On Dec 12, 2003, at 6:20 PM, Kenton Brede wrote:

I've cobbled some code together that will allow me to parse a file
snarfing 4 lines which consist of server name and Daily output of
bandwith usage.  I've pasted an example of what I have at the bottom of
this mail.  If anyone would like to take the time to show me how it
should really be done I would apreciate it.  I'm not exactly a
programming wonder and trying to learn.

First, just let me say that you've done very well. You use strict and warnings, your code works and you want to know how to make it better. I can't ask for much more than that! :)


#!/usr/bin/perl
use warnings;
use strict;

my @lines;

while ( <DATA> ) {
    push ( @lines, $_ );
}

First, let's simplify:


my @lines = <DATA>;

That's the same thing you have above, without needing a loop. The read of DATA happens in list context here, because we're assigning to an array. In list context, the reads returns all the lines in a list. We assign that and we're done.

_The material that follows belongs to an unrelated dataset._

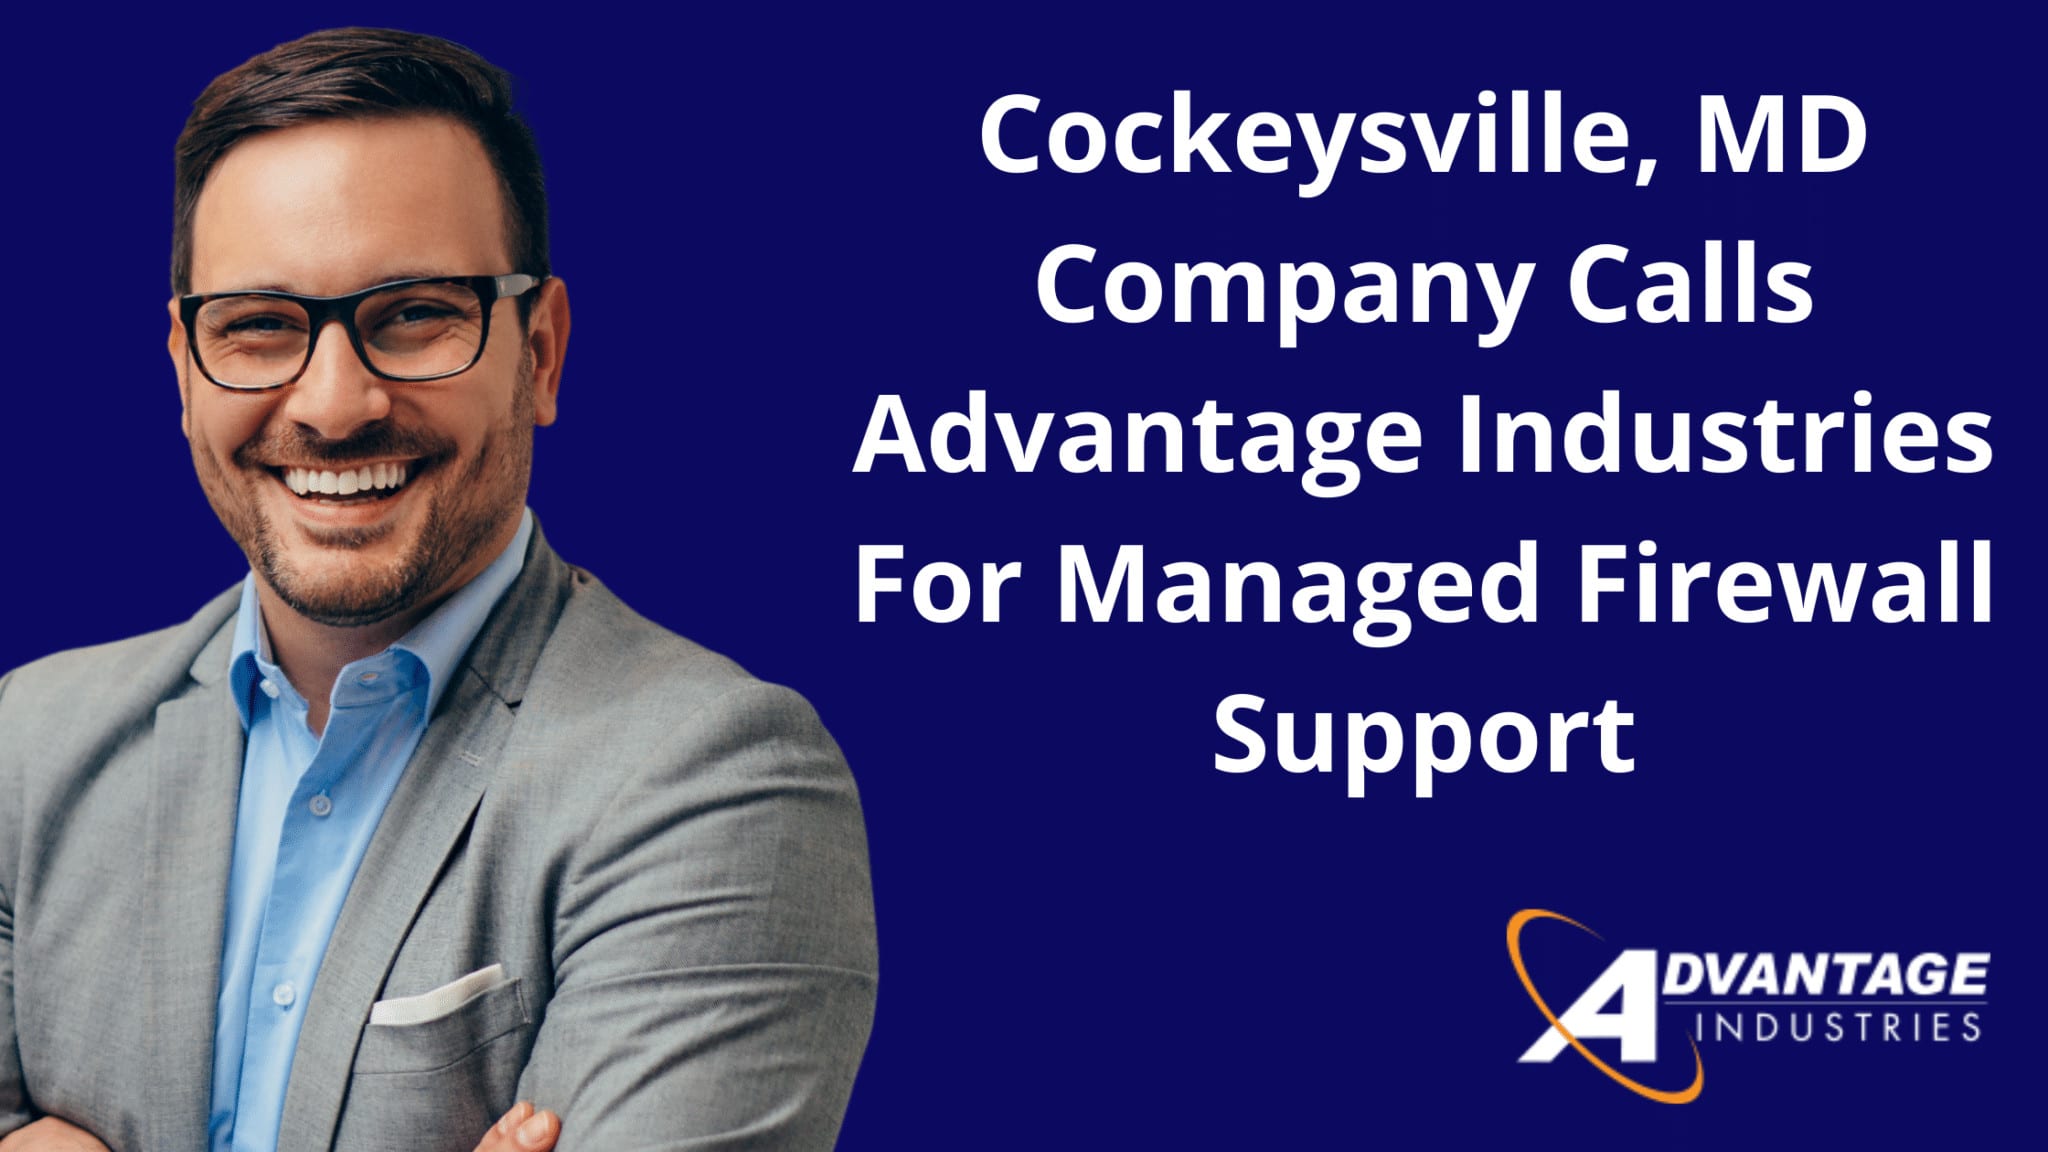 Cockeysville, MD Company Calls Advantage Industries For Managed Firewall Support
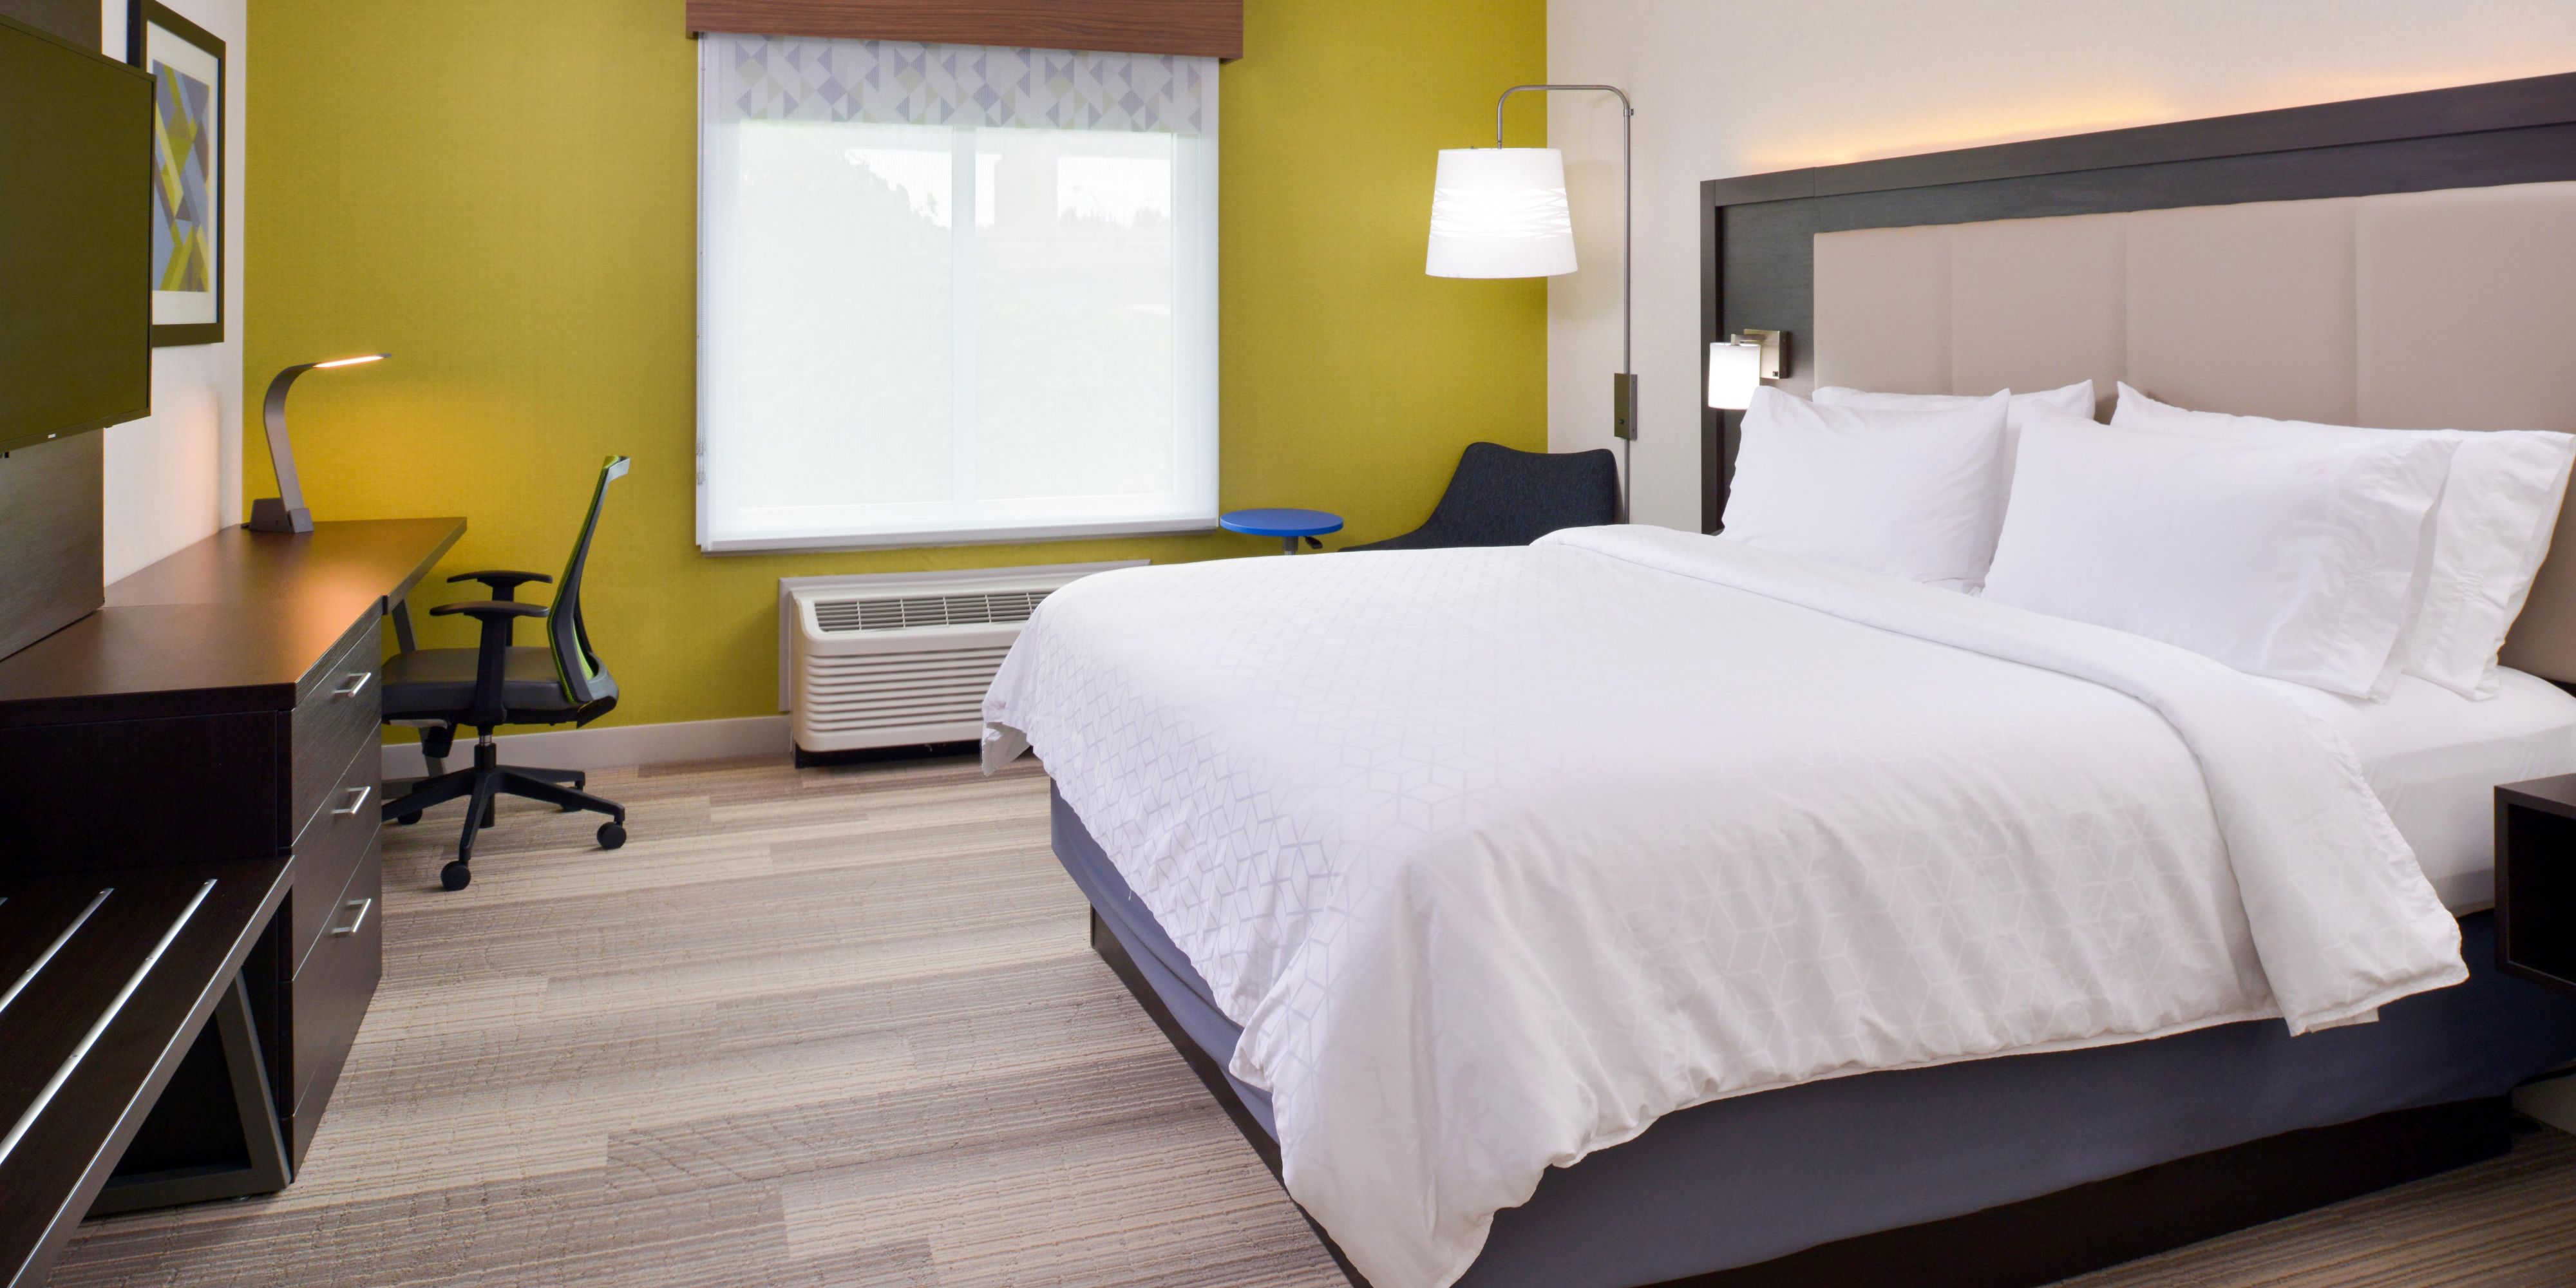 Come lay down on our brand new pillow top mattresses and rest the night away.

for ( my $count = 0; $count <= $#lines; $count++ ) {

That loop is pretty C-ish. :D In Perl, we usually write that:


for my $count (0..$#lines) {

if ( $lines[$count] =~ m/\*/g ) { # grab server names

Okay, we don't need a global modifier on that regex, since we're just looking for one *. If we're looking for a * at the beginning of the line, we should say that with /^\*/ instead.


print "$lines[$count]";

print $lines[$count];


Don't quote a variable unless you're interpolating it into some larger string. If you need a string to print, Perl will handle that.

    }
    if ( $lines[$count] =~ m/Daily/g ) { # grab daily output

Again, no /g needed.


print "$lines[$count] $lines[$count+1] $lines[$count+2]\n";

Quotes ARE needed here. ;)


    }
}

Now, the problem with the approach you're using above is that you're slurping the whole file into memory. That's nothing with the data set you show here, but it could be a problem with huge files. It's always better to process as few lines at a time as you need. Handle them and move on. Keep your footprint small.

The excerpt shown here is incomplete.